Depuis deux semaines, la Coupe du monde de football envahit tout, du petit écran, évidemment, au palais de l’Elysée, de manière plus surprenant. La planète Terre semble s’être arrêtée de tourner, s’étant transformée pour un mois en planète Jabulani. Il n’y avait pas de raisons que la bande dessinée échappe au mouvement général. Deux albums, en particulier, sont opportunément sortis pour la Coupe du monde. “Il faut shooter Raymond Domenech” de Micka et Juga et “Banc de Touche” d’Edmond Tourriol, Daniel Fernandez et Albert Carreres. Point commun? Les deux ont pour personnage principal l’ancien sélectionneur de l’équipe de France, Raymond Domenech, comme personnage principal. Si on ajoute à cela la bande dessinée de Faro “En bleu et contre tous“, sortie la veille de l’Euro 2008, et qui fait elle aussi de Raymond un héros de papier, on peut dire que Domenech a particulièrement la cote chez les auteurs de BD. En 1998, Aimé Jacquet n’avait pas eu ce privilège, la principale BD consacrée à la Coupe du monde, “Léo Loden et Jules sauvent la Coupe du monde“, était une aventure centrée sur l’organisation même du tournoi.

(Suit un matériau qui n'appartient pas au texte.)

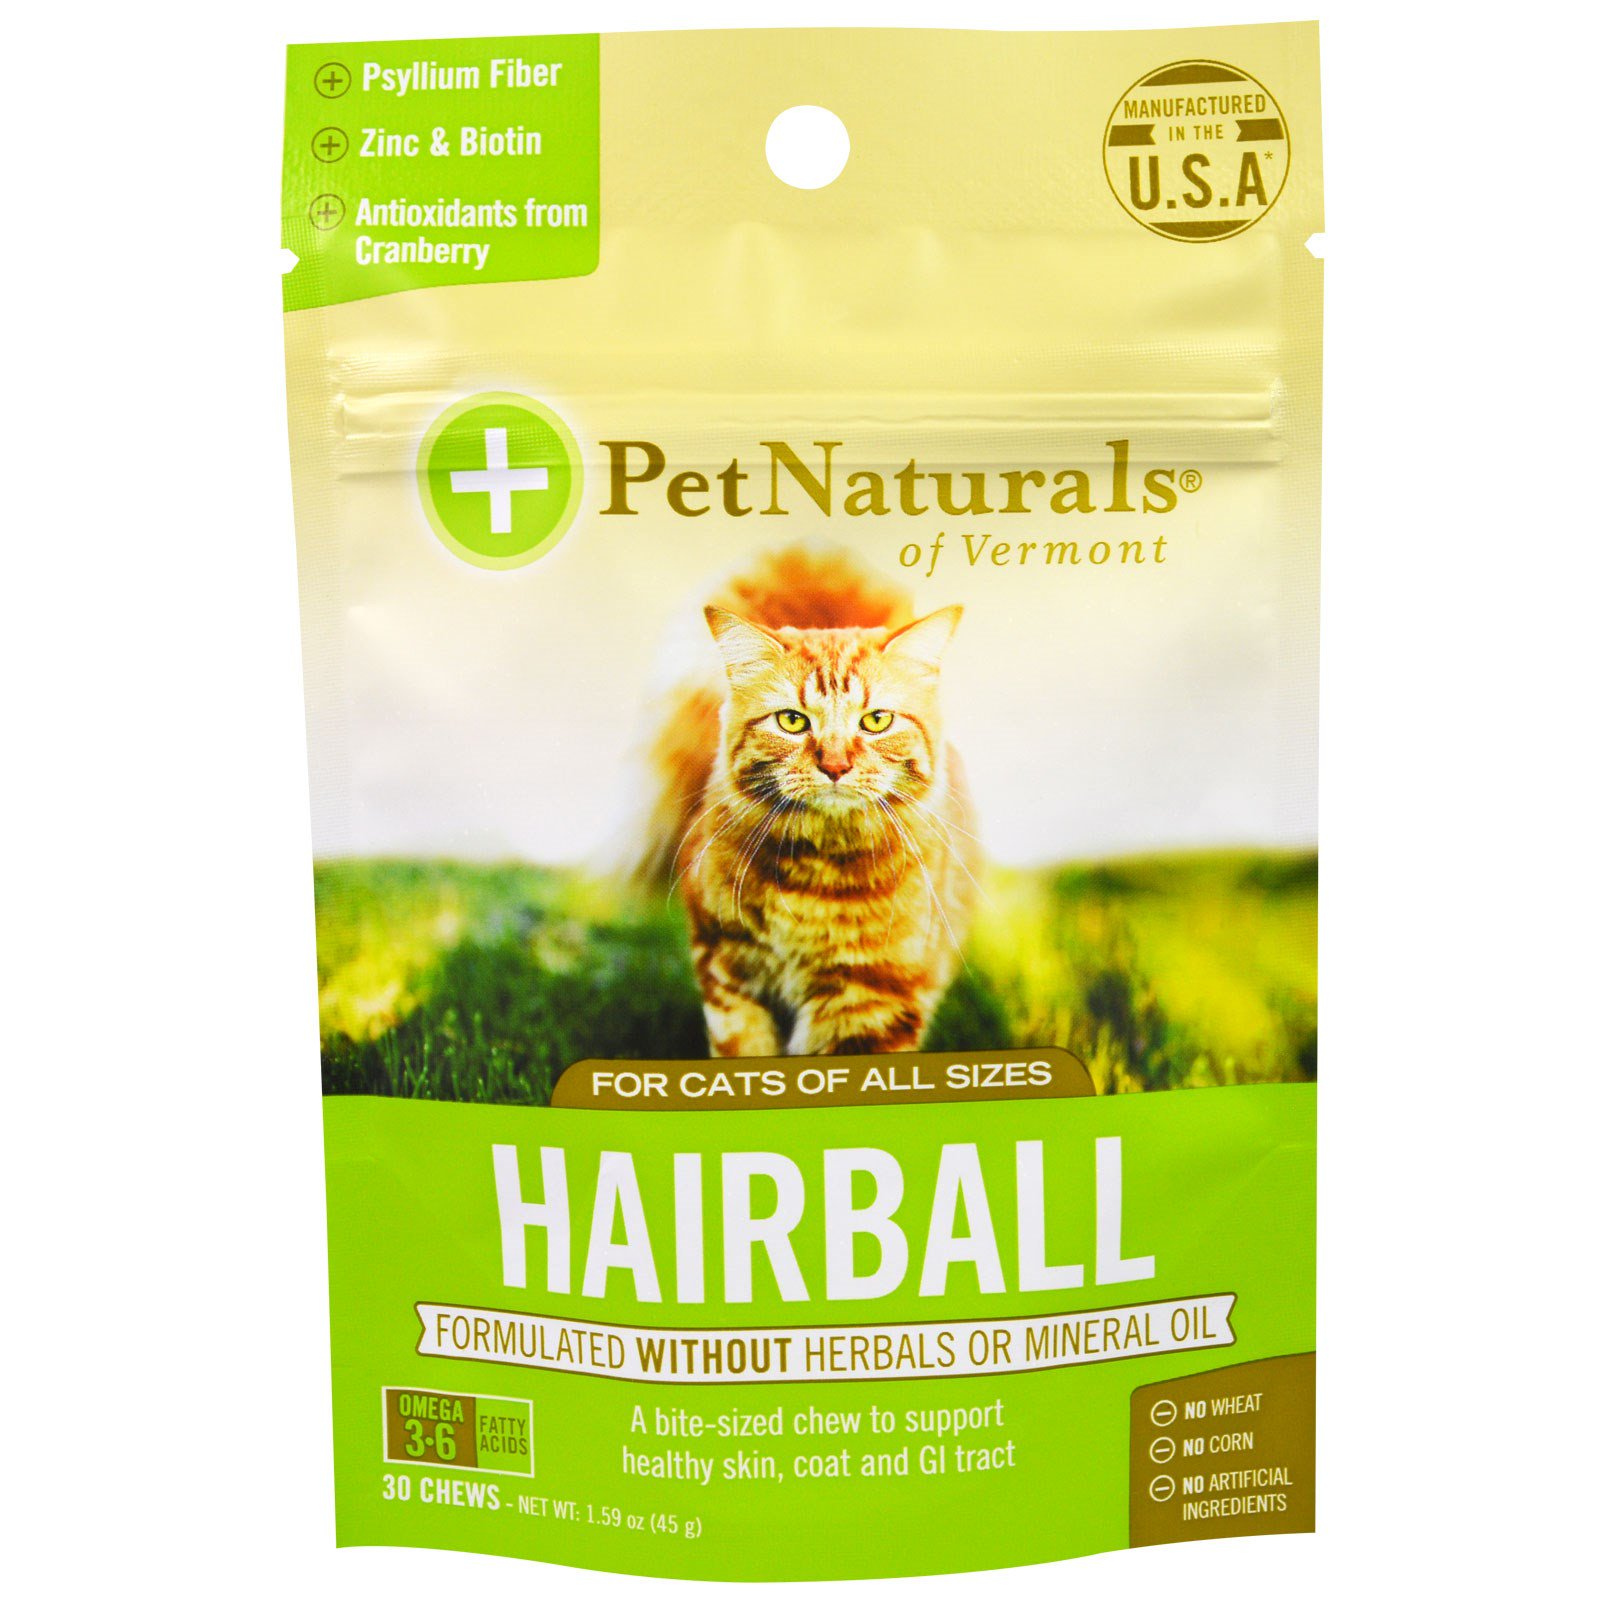 Pet Naturals of Vermont, Hairball 美毛養腸咀嚼片 ,適合貓,30片,1.59 oz (45 g)

Le rôle de héros de bande dessinée correspond parfaitement à Raymond Domenech. L’ancien sélectionneur des Bleus a tout pour lui: des traits physiques bien reconnaissables (gros sourcils noirs, touffe de cheveux gris) qui facilitent la caricature, une sociabilité bien plus grande qu’un Lemerre ou un Santini, des répliques cultes et un côté complètement imprévisible à la Donald Duck. Pour Edmond Tourriol, auteur de “Banc de Touche”, “c’est un personnage attachant et – à titre personnel – il va beaucoup me manquer. Je trouvais ça super d’avoir un sélectionneur cultivé comme ça. On sait ce qu’on perd… Laurent Blanc sera moins rigolo à mettre en scène“. Le scénariste, qui écrit un gag par jour dans l’Equipe, s’inspire des faits et gestes réels des Bleus pour son travail. Mais contrairement à ce qu’on pourrait croire, les multiples rebondissements de la Coupe du monde n’ont pas forcément été une aubaine : “si l’équipe de France avait fait parler d’elle sur le terrain et pas dans les coulisses, on aurait pu coller de plus près à l’actualité. Un rendez-vous tous les trois ou quatre jours, c’était encore gérable. Là, ils défrayaient la chronique 24 heures sur 24 en inventant des gags encore pires que les nôtres. Imaginer un gag devenait compliqué tant il risquait d’être obsolète une fois réalisé…“.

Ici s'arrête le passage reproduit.